INPUT DATA START

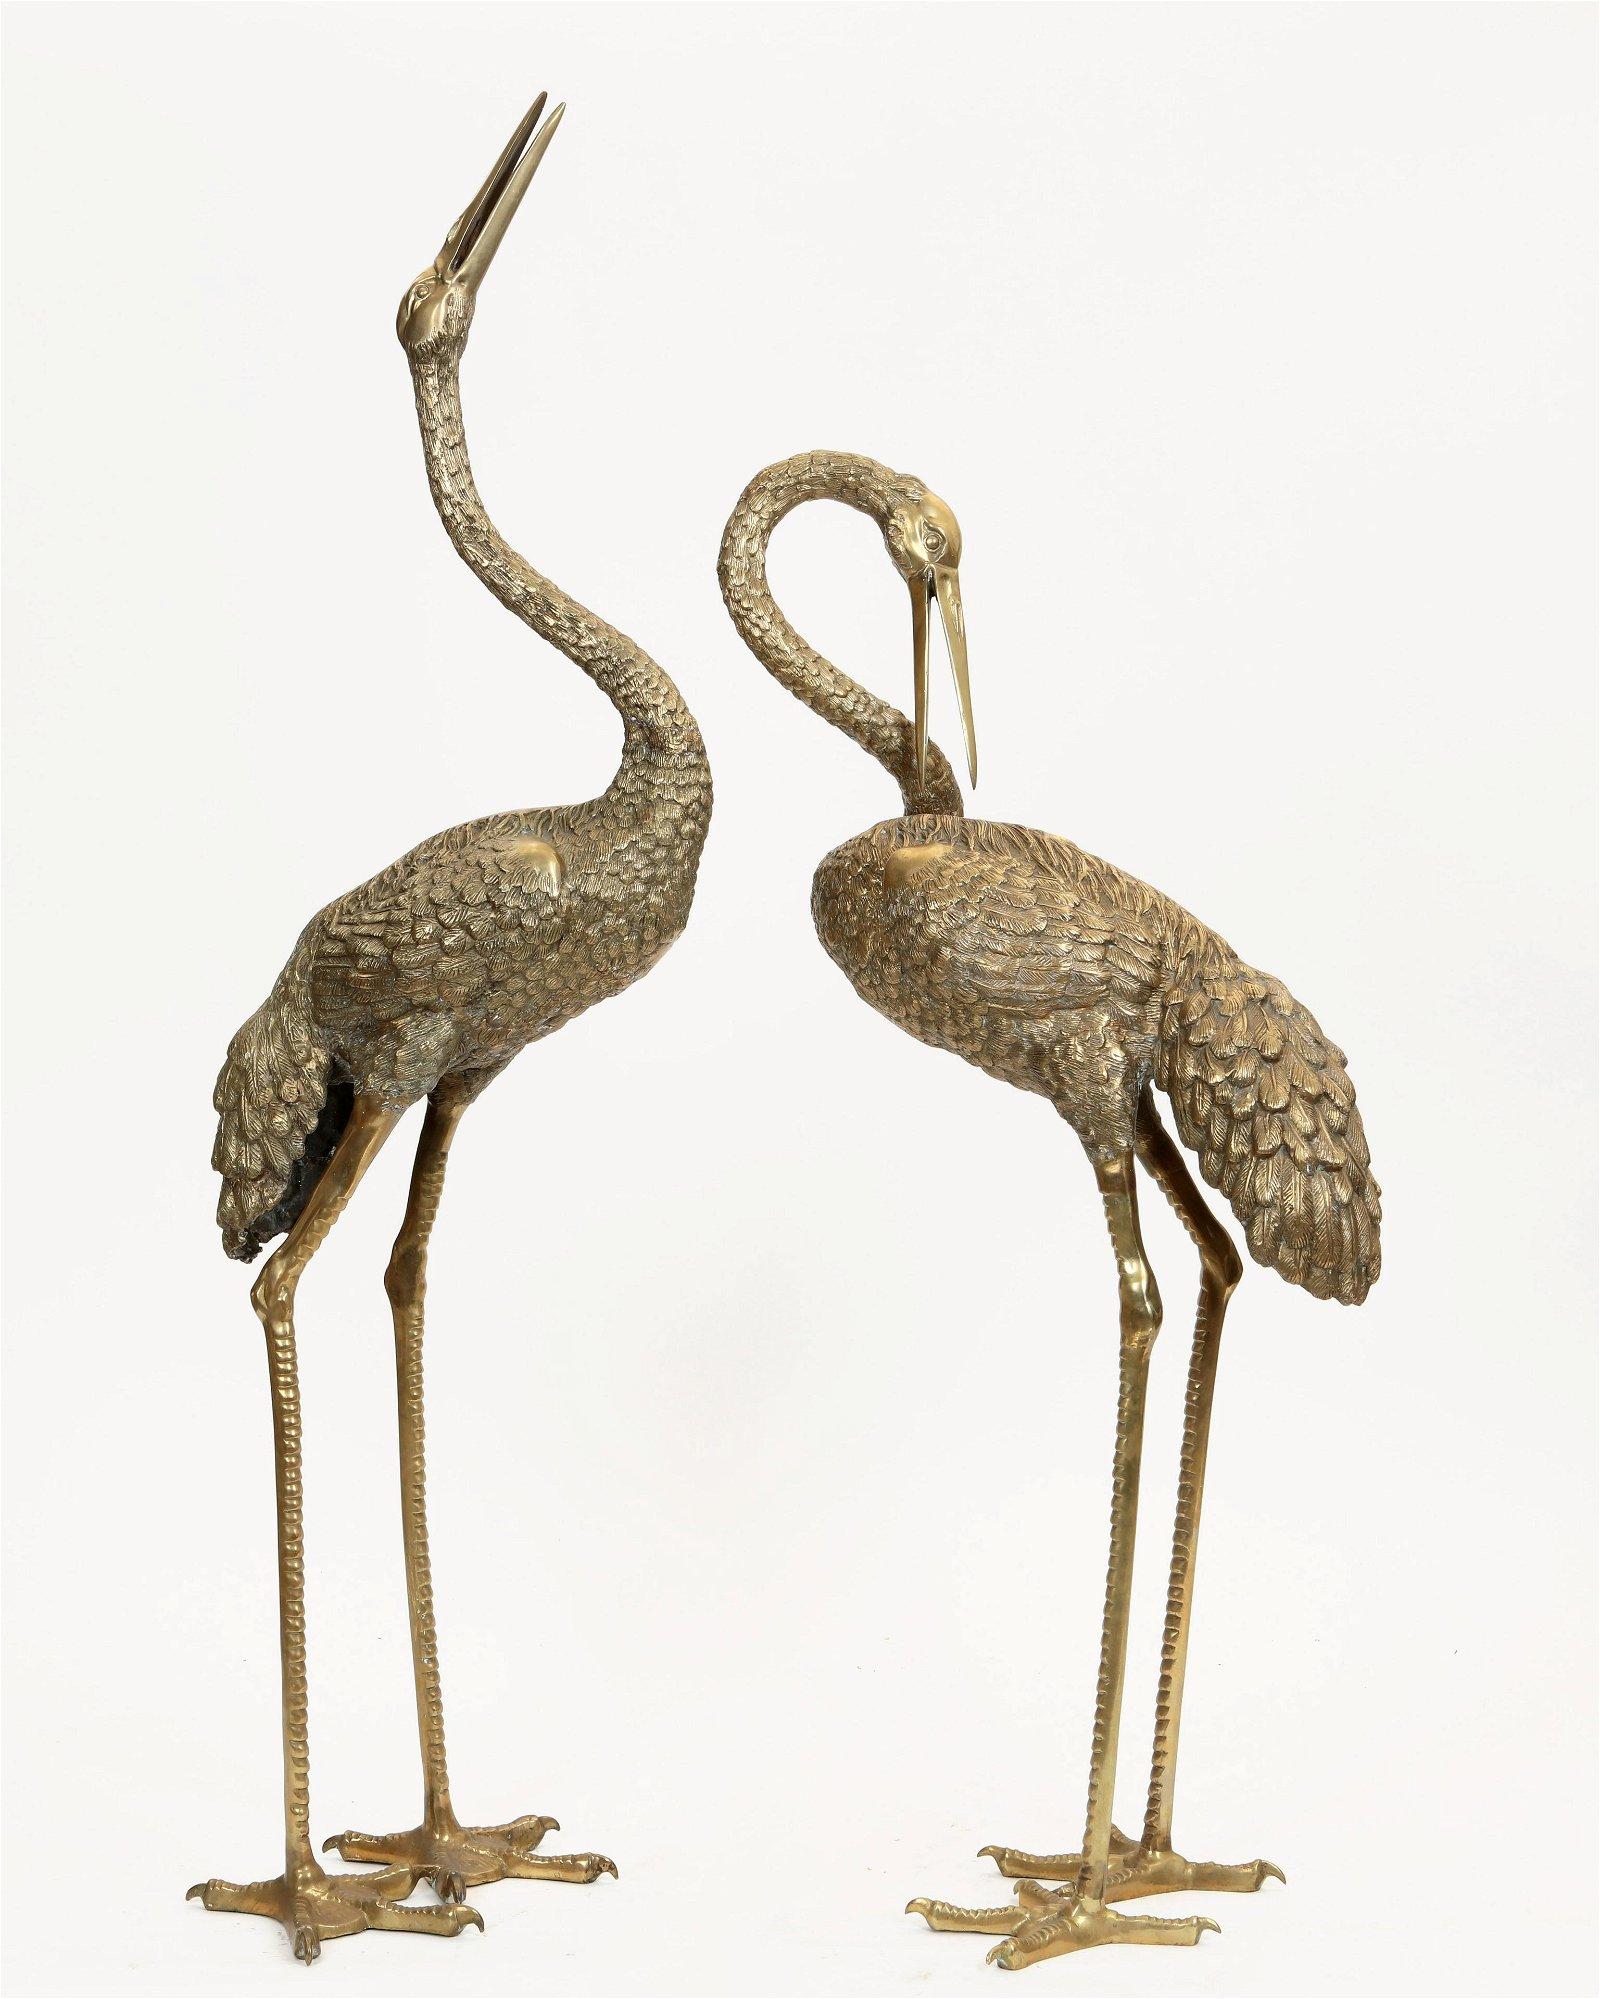 Pair of life size Asian bronze figures of cranes
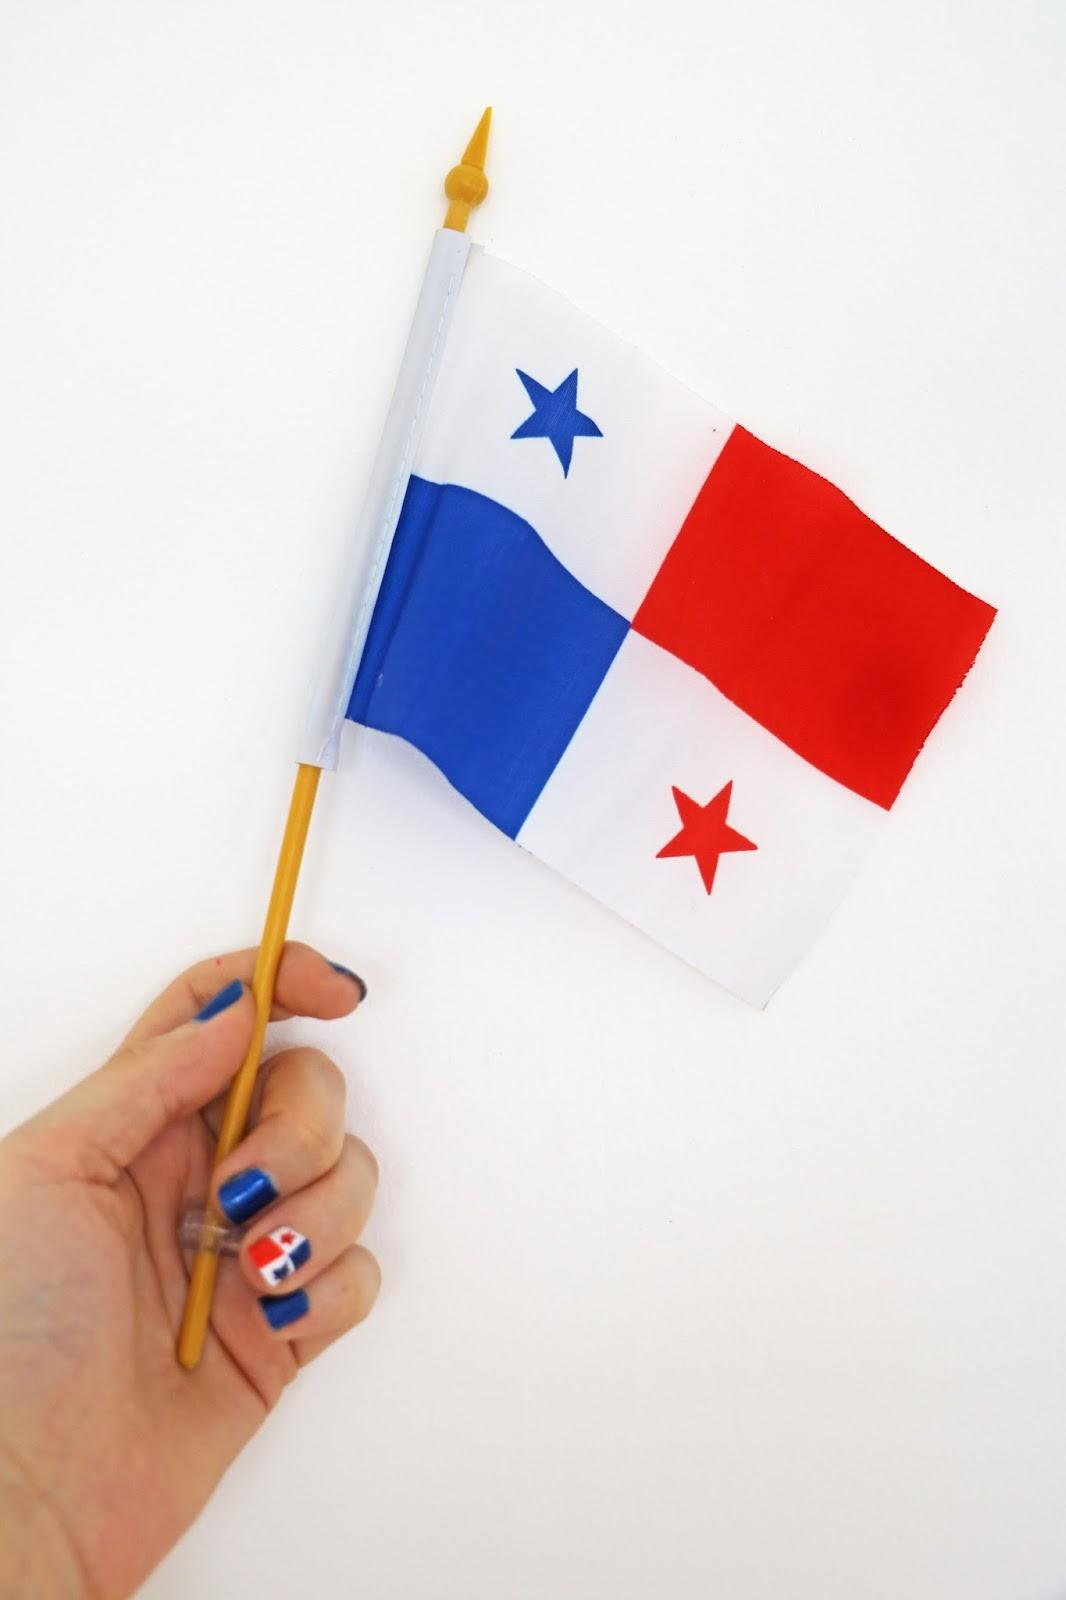 Panama flag nails
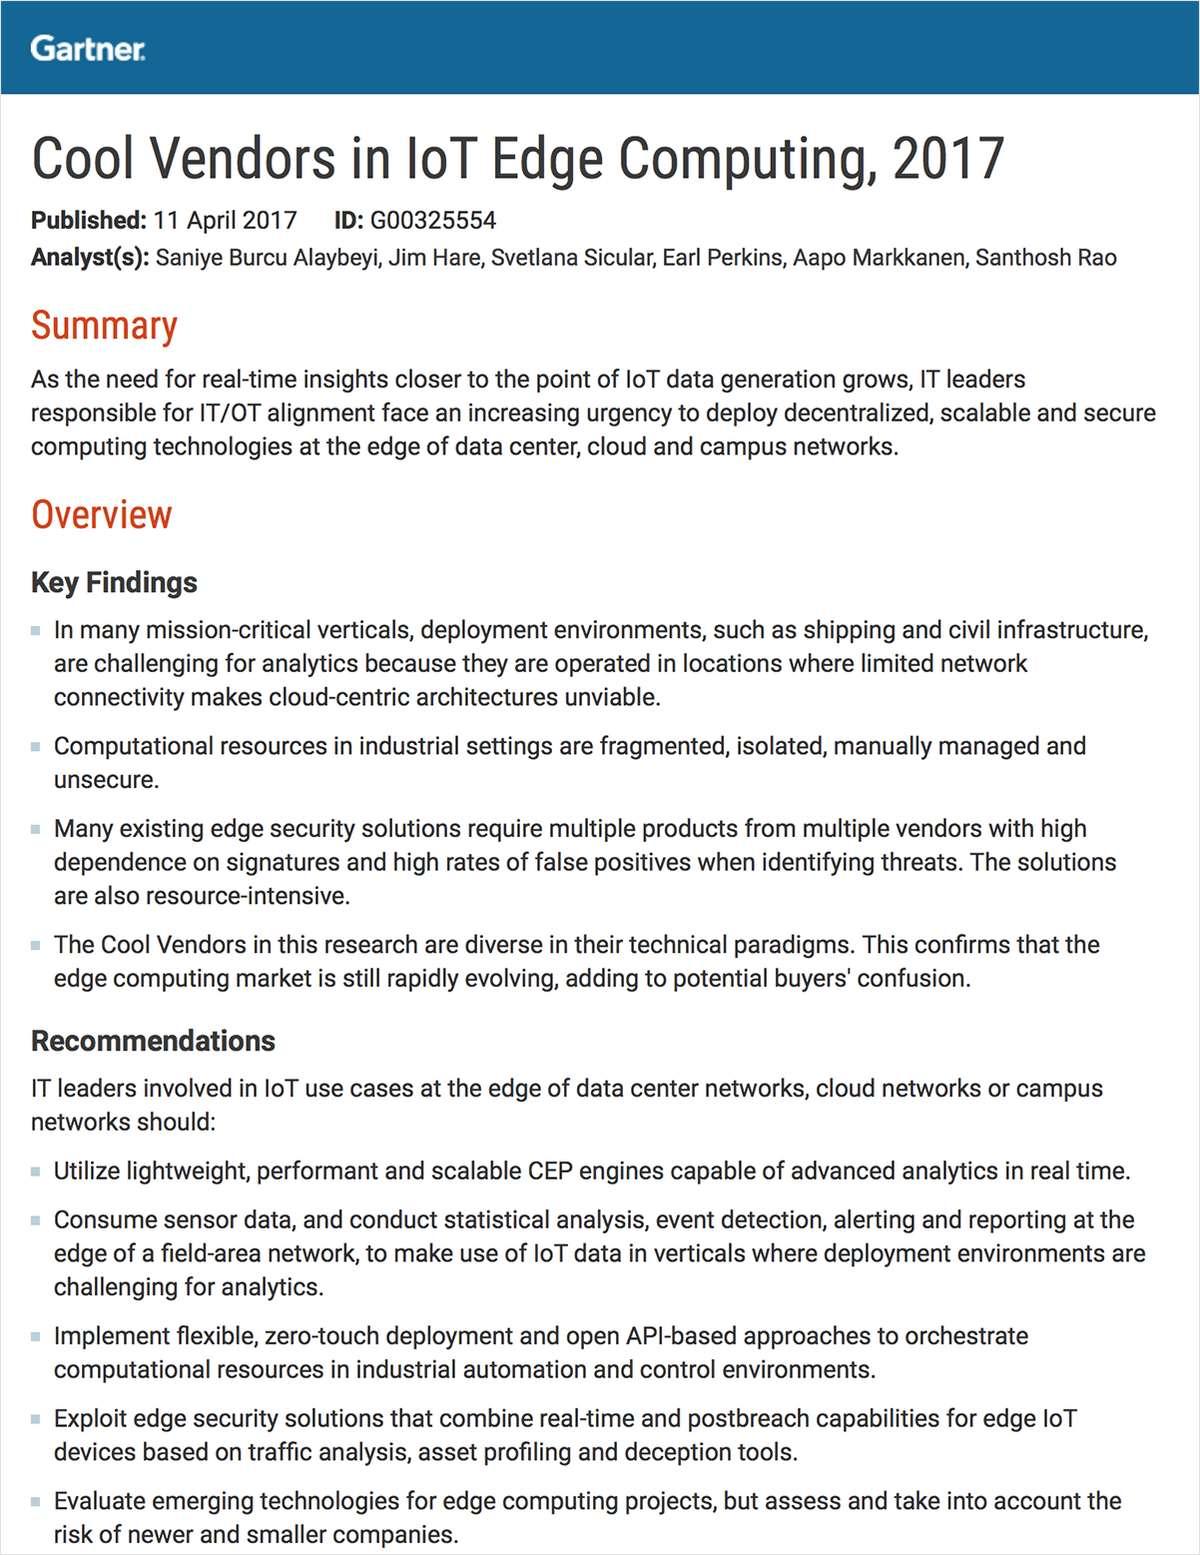 Gartner Cool Vendors in IoT Edge Computing, 2017
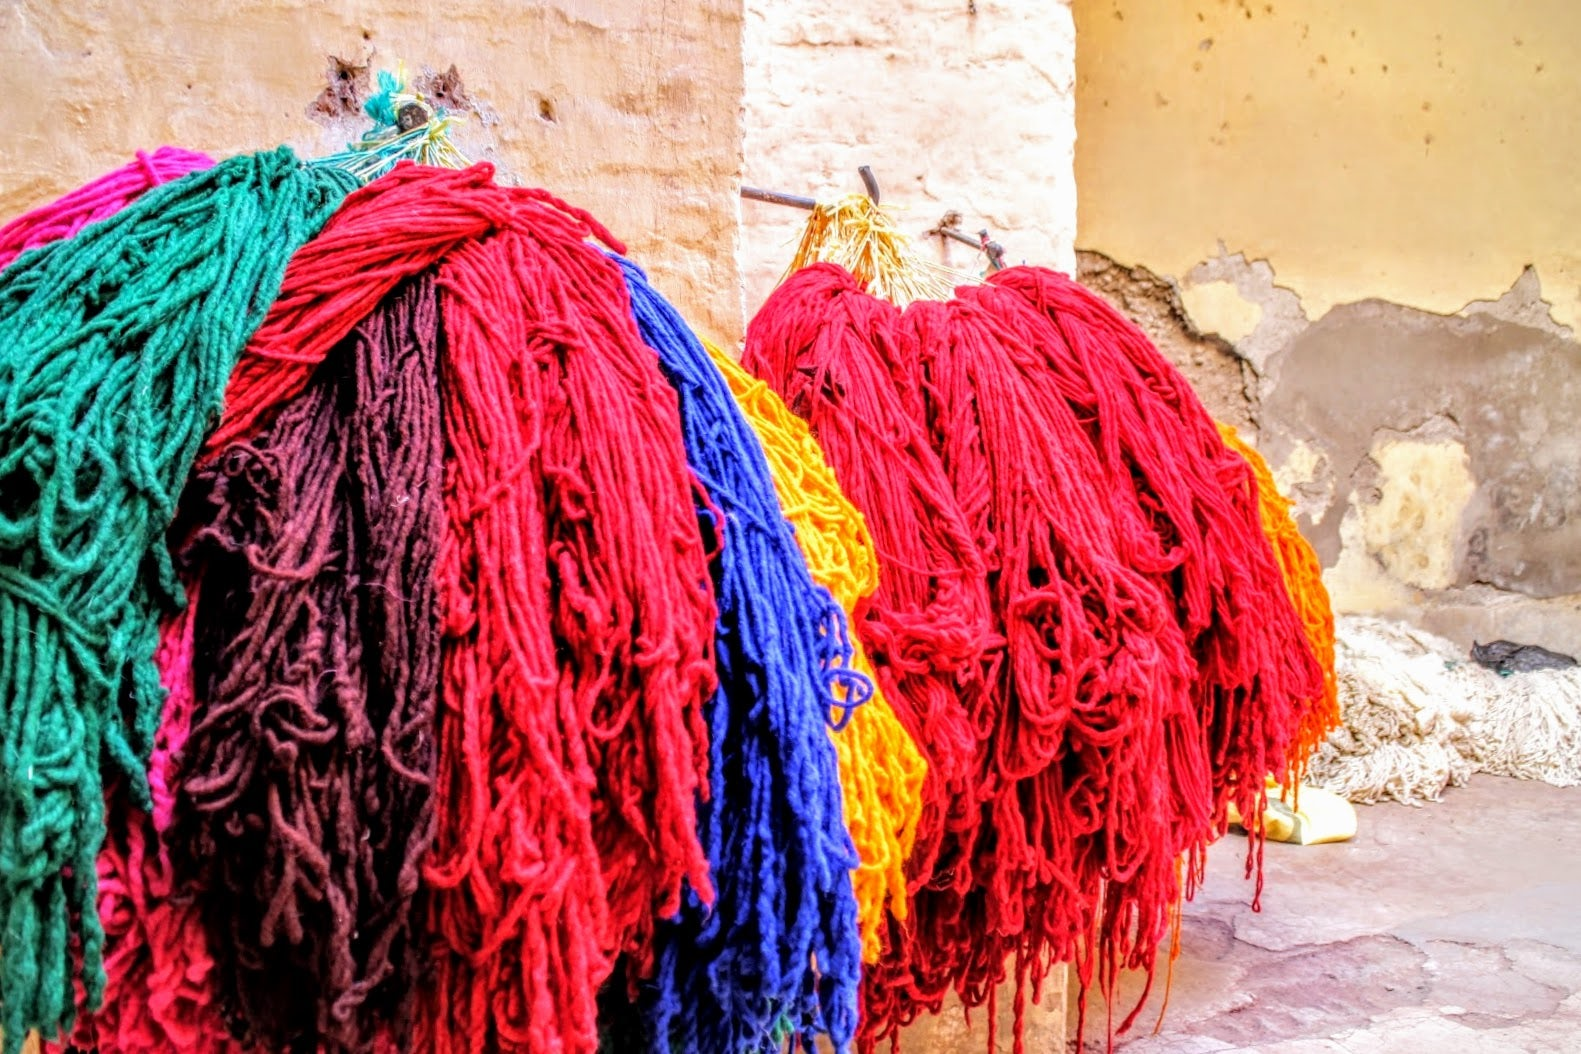 Taming The Magical Maniacal Marrakech Medina

INPUT DATA END

HOW TO COMPLETE THIS TASK:
Exact copies of the lines from the one containing "Panama flag nails" through the final line of the data are required; pictures are to be omitted.

WRITTEN RESPONSE:
 Panama flag nails
 Gartner Cool Vendors in IoT Edge Computing, 2017
 Taming The Magical Maniacal Marrakech Medina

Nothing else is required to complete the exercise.